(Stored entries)

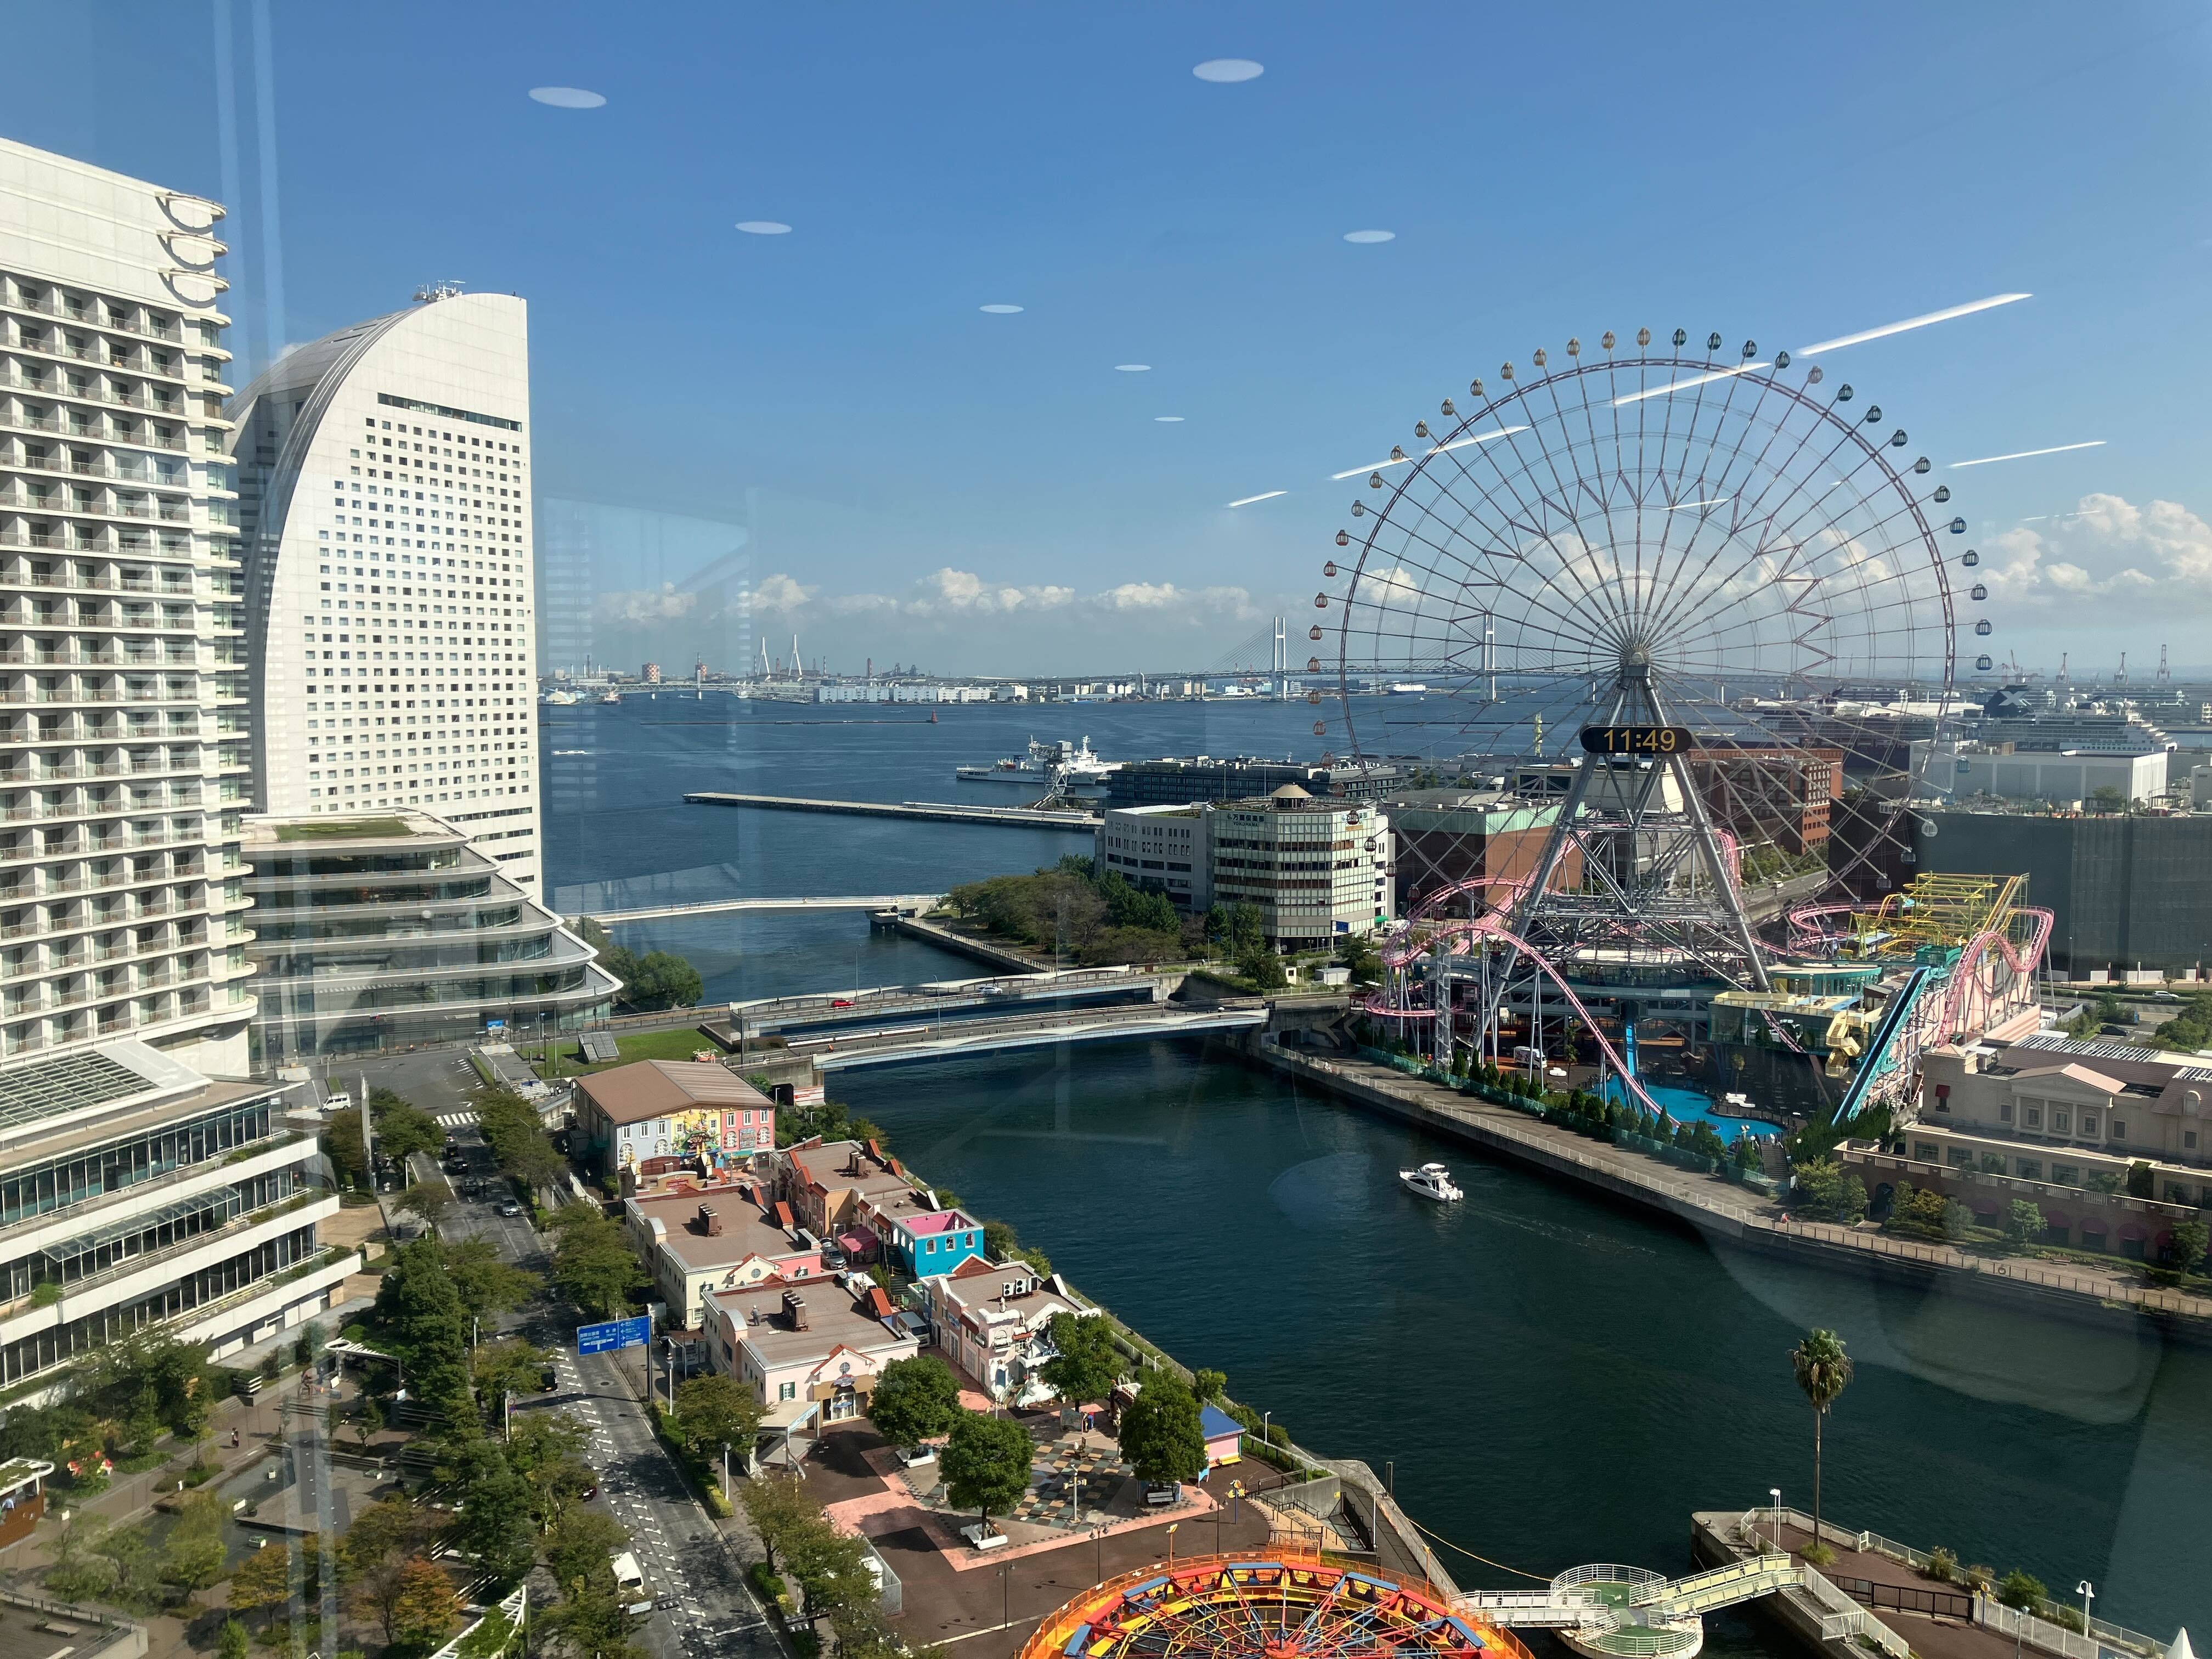 グローバルカンパニーを目指すとともに、日本初・横浜発のスタートアップであるというオリジンを大切にし、提供するサービスの基準をジャパンクオリティに置いている。
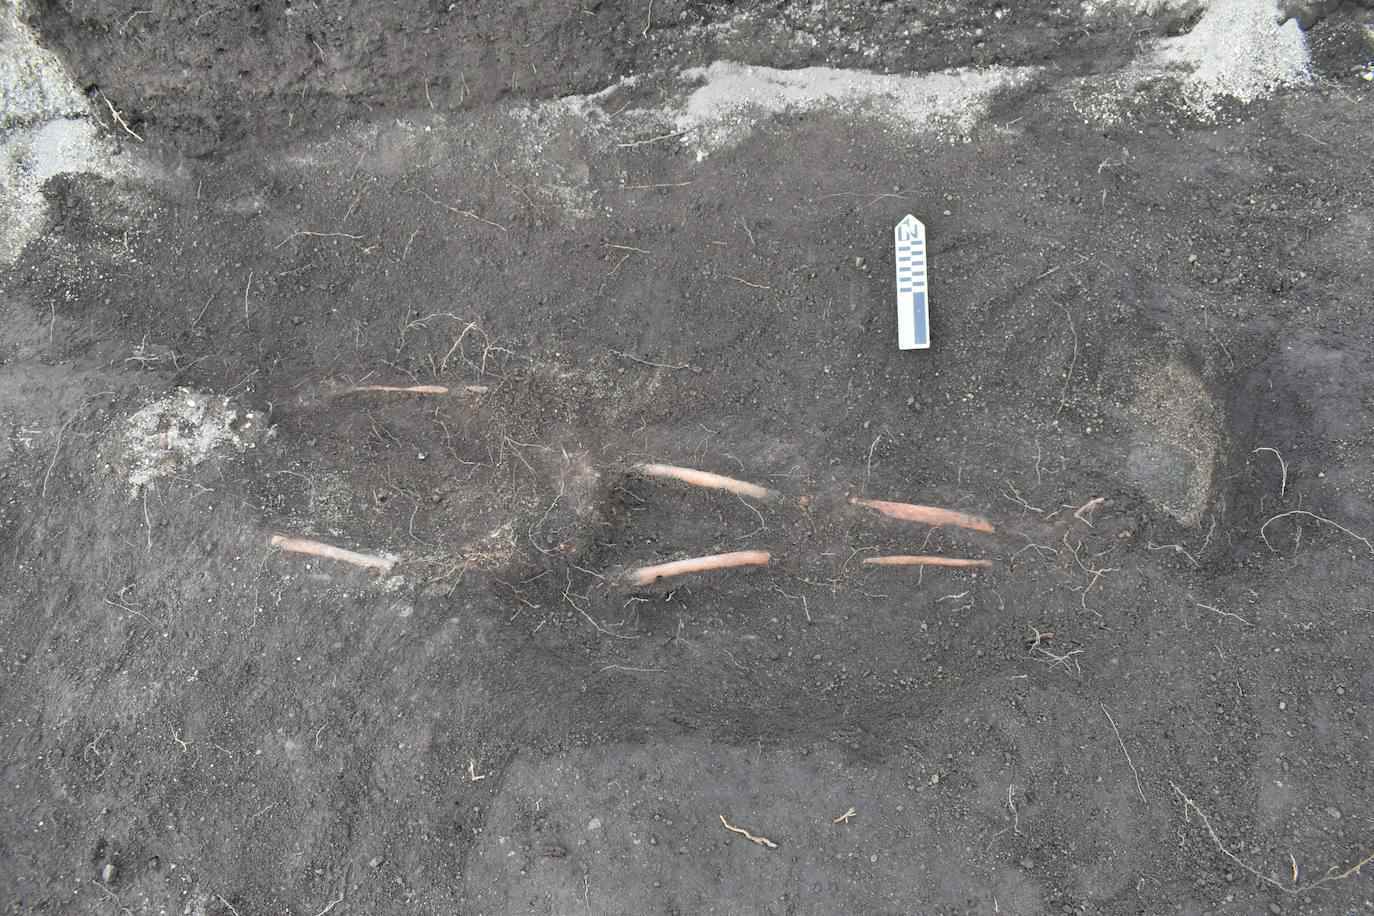 De overblijfselen, die vijf eeuwen oud zijn, werden gevonden in Mulaló, een van de tien landelijke parochies van het kanton Latacunga, op een hoogte van 2,900 meter (EFE / Byron Ortiz / Mulaló Archaeological Project - Salatilín).
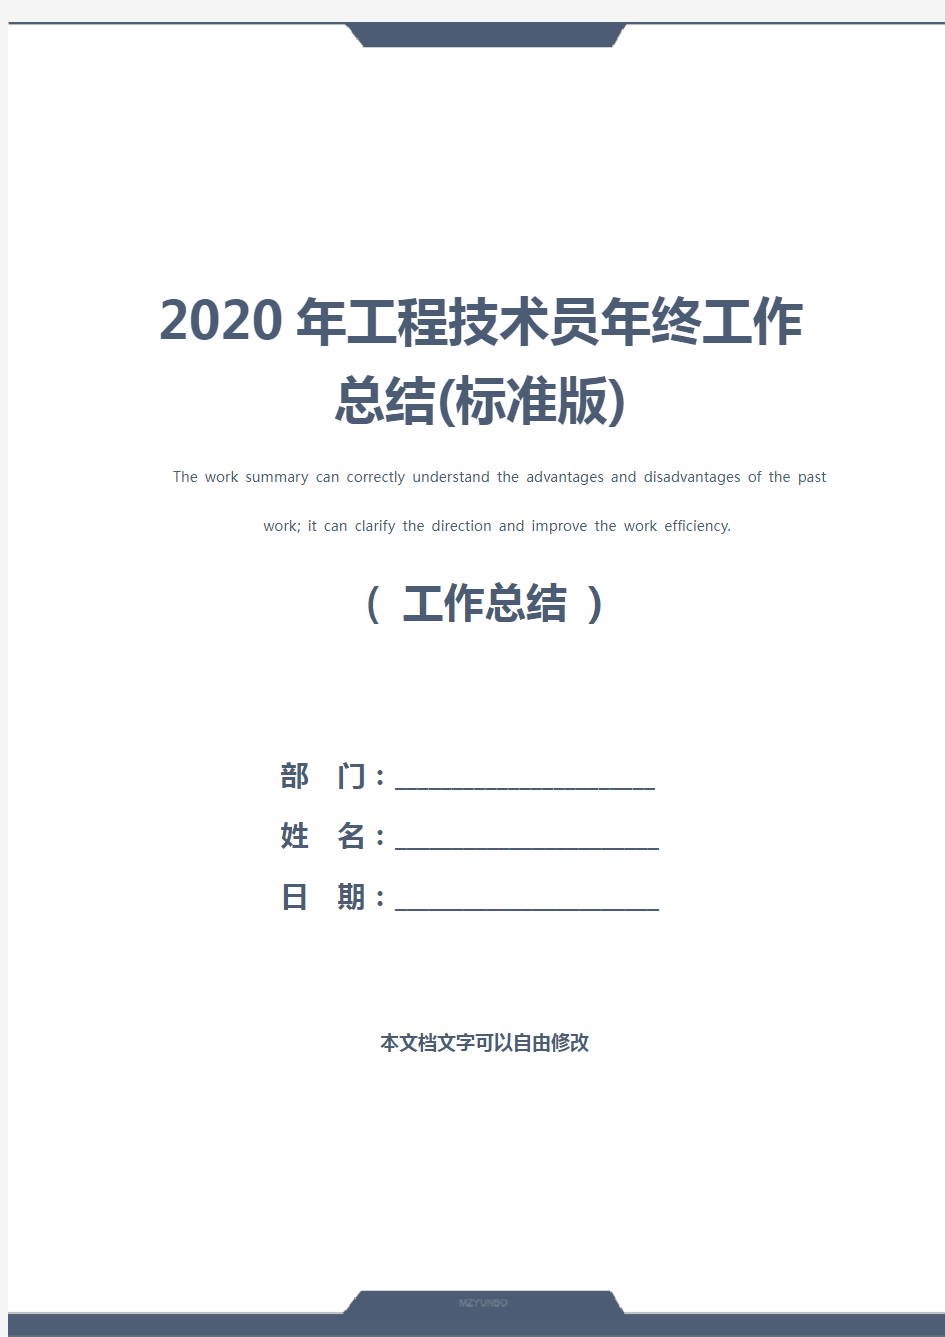 2020年工程技术员年终工作总结(标准版)
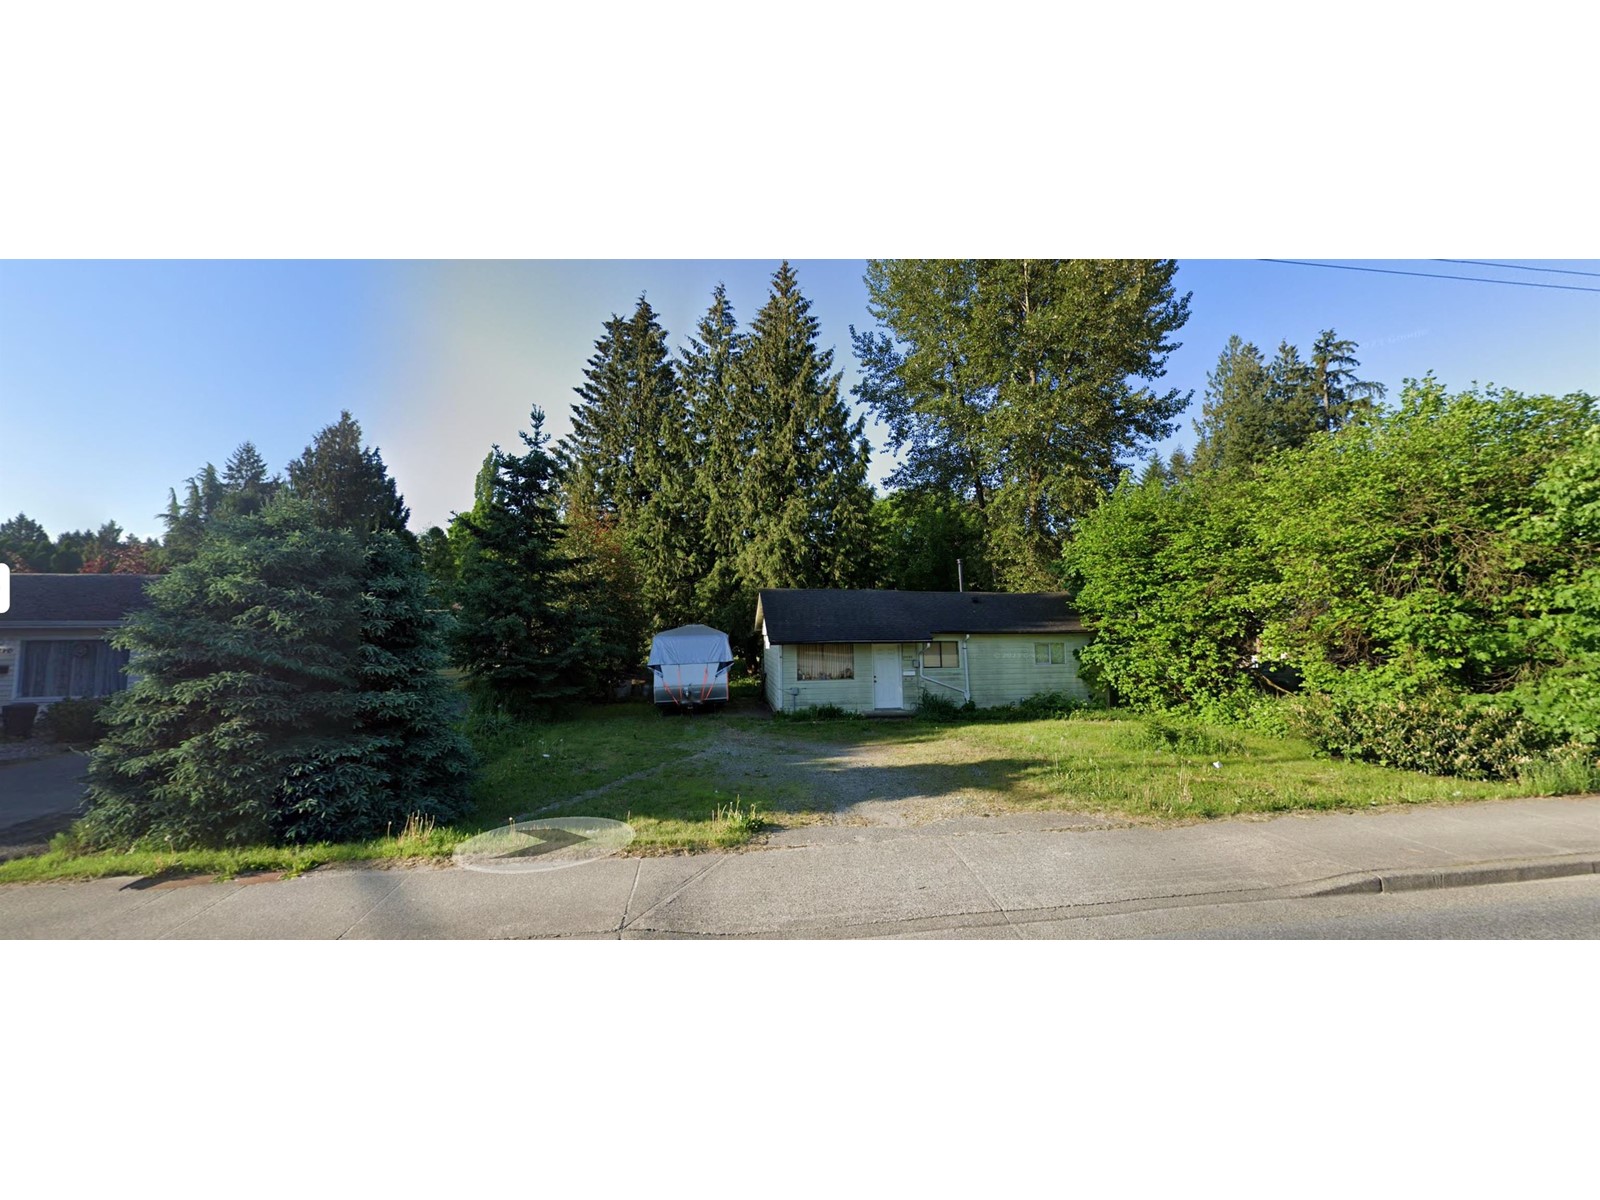 2 Bedroom Residential Home For Sale | 21130 Dewdney Trunk Road | Maple Ridge | V2X3E9
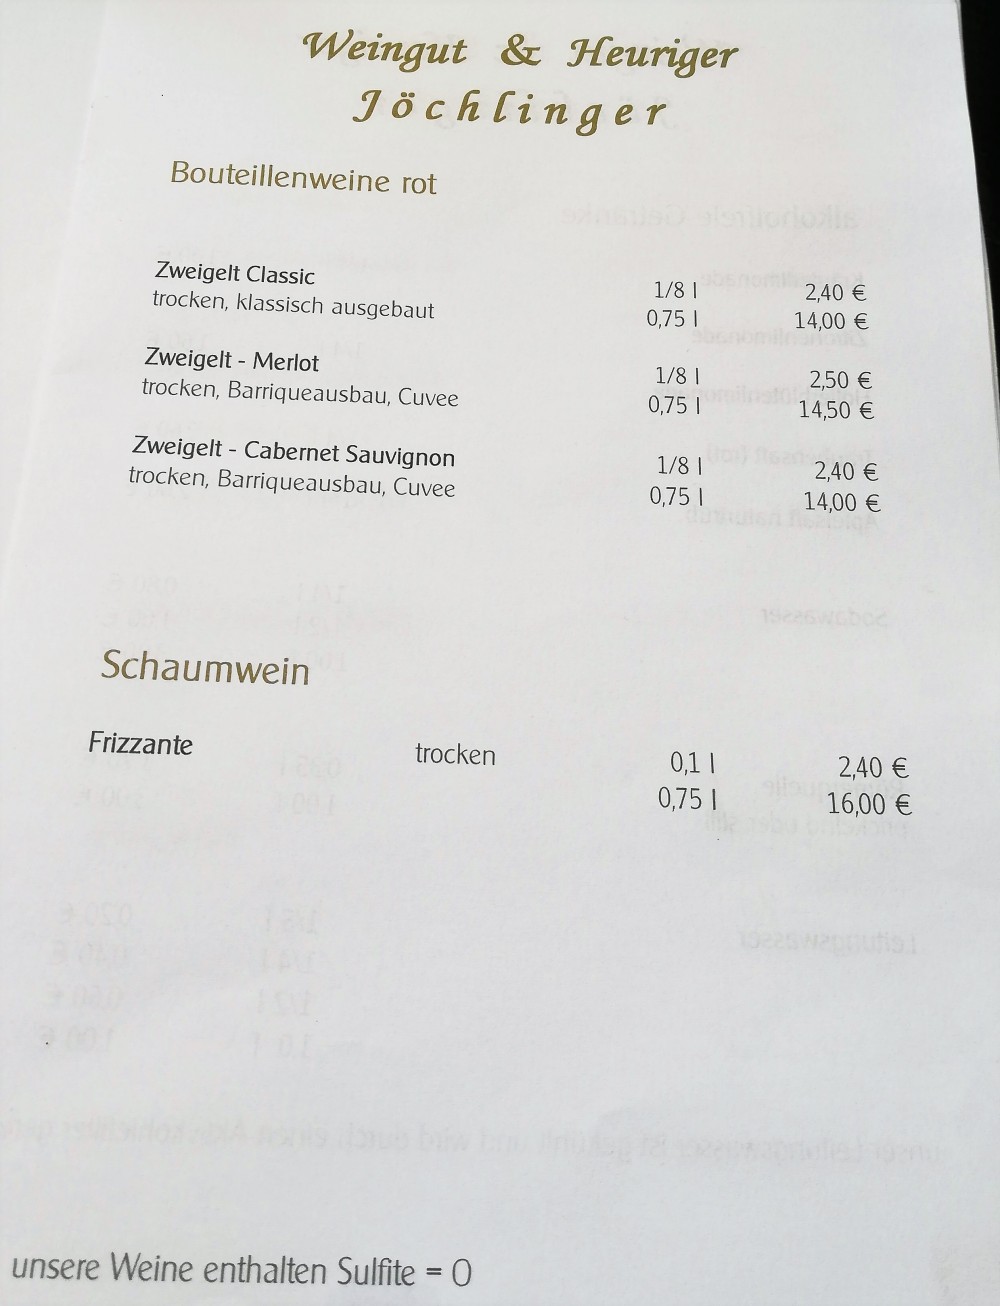 Die Weinpreise vom 20.9.2018 - Jöchlinger - Hagenbrunn

Task item:
Copy the lines above exactly. Do not include pictures.

Task result:
 グローバルカンパニーを目指すとともに、日本初・横浜発のスタートアップであるというオリジンを大切にし、提供するサービスの基準をジャパンクオリティに置いている。
 De overblijfselen, die vijf eeuwen oud zijn, werden gevonden in Mulaló, een van de tien landelijke parochies van het kanton Latacunga, op een hoogte van 2,900 meter (EFE / Byron Ortiz / Mulaló Archaeological Project - Salatilín).
 2020年工程技术员年终工作总结(标准版)
 2 Bedroom Residential Home For Sale | 21130 Dewdney Trunk Road | Maple Ridge | V2X3E9
 Die Weinpreise vom 20.9.2018 - Jöchlinger - Hagenbrunn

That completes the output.